Metropolitan News-Enterprise


Wednesday, March 6, 2013


Page 3


C.A. Rejects Self-Incrimination Claim in Misprision Case


By a MetNews Staff Writer


A defendant who was originally charged with involvement in a drug and money laundering conspiracy, but ultimately pled guilty to misprision, was not forced to incriminate herself in violation of the Fifth Amendment, the Ninth U.S. Circuit Court of Appeals ruled yesterday.

The panel affirmed the conviction and sentence of Francheska Brizan, who was sentenced to four months in jail and a year of supervised release following her plea. According to press releases issued in 2006 by the U.S. Attorney’s Office in Fresno and the Drug Enforcement Agency, Brizan, her husband, and two of her husband’s brothers were among 12 defendants charged with helping traffic millions of dollars’ worth of cocaine throughout the United States.

The indictment followed the seizure of 38 kilograms of cocaine, which the DEA said was the largest such seizure in the Eastern District up to that time.

Brizan, originally charged with conspiracy to distribute and attempted possession with intent to distribute large quantities of cocaine, agreed to plead guilty to one count of misprision. She admitted that she knew of her husband’s illegal activities, but did not report them to law enforcement, and agreed to waive her right to appeal her conviction or her below-guidelines sentence.

After entering the plea, however, she retained new counsel and moved to withdraw the plea. She contended that she was compelled to admit to knowledge of illegal activities in which she herself may have been involved, and that this constituted forced self-incrimination.

U.S. District Judge Anthony W. Ishii denied the motion, saying the plea was knowing and voluntary.

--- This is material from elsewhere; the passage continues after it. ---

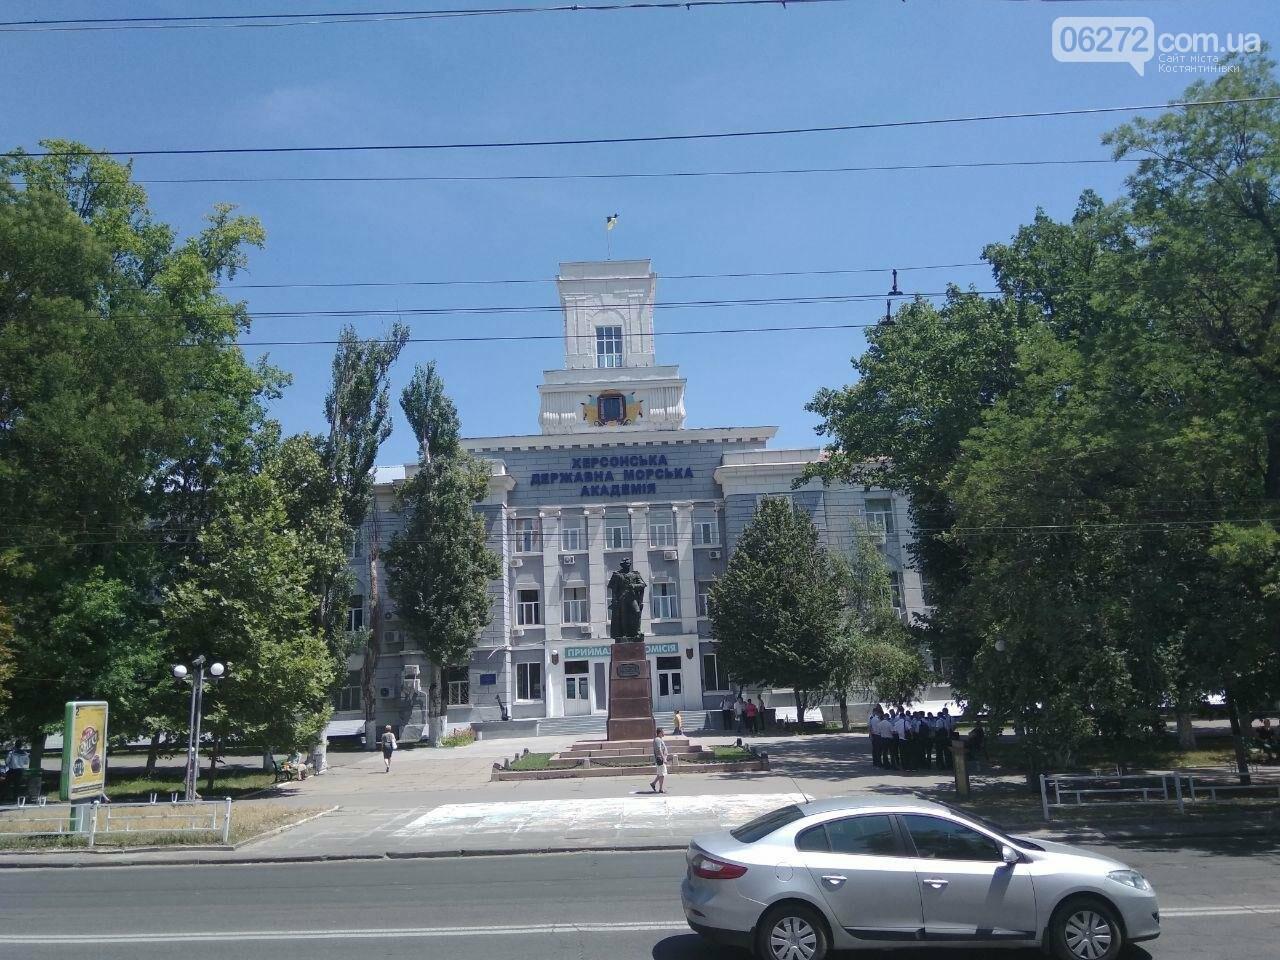 Автостопом по Украине: все пошло не по плану, фото-10

Brizan’s appellate attorney, William M. Kent of Jacksonville, Fla., argued on appeal that both the plea and the appellate waiver were invalid. But the appellate panel disagreed as to both points.

U.S. District Judge Lynn M. Adelman of the Eastern District of Wisconsin, sitting on the Ninth Circuit by designation, explained that the appeal was subject to dismissal. An appellate waiver in a plea agreement, he explained, must be enforced unless the court failed to conduct a proper plea colloquy, the defendant was told that she retained the right to appeal, the plea agreement was breached, or the sentence was illegal.

None of those occurred in Brizan’s case, Adelman wrote.

Even if the waiver was not enforced, the judge went on to say, the court would affirm the conviction.

 “We have held that a misprision charge would be unconstitutional under the Fifth Amendment if, and to the extent, it required a defendant to report her own criminal conduct to the authorities,” he acknowledged. “However, Brizan waived her right to raise a Fifth Amendment defense to the misprision charge by pleading guilty.”

He went on to say:

“We agree with our colleagues in the First and Fifth Circuits that there is no constitutional impediment to a defendant, implicated in the underlying felony, waiving her Fifth Amendment privilege and voluntarily pleading guilty to a misprision count.”

Adelman also said that Brizan’s claim that her prior counsel was ineffective in advising her to enter into the plea agreement could not be considered on direct appeal.

Adelman was joined by Judge Susan Graber and Senior Judge A. Wallace Tashima.

Assistant U.S. Attorney Karen Escobar of the Eastern District represented the government on appeal.

The case is United States v. Brizan, 11-10449.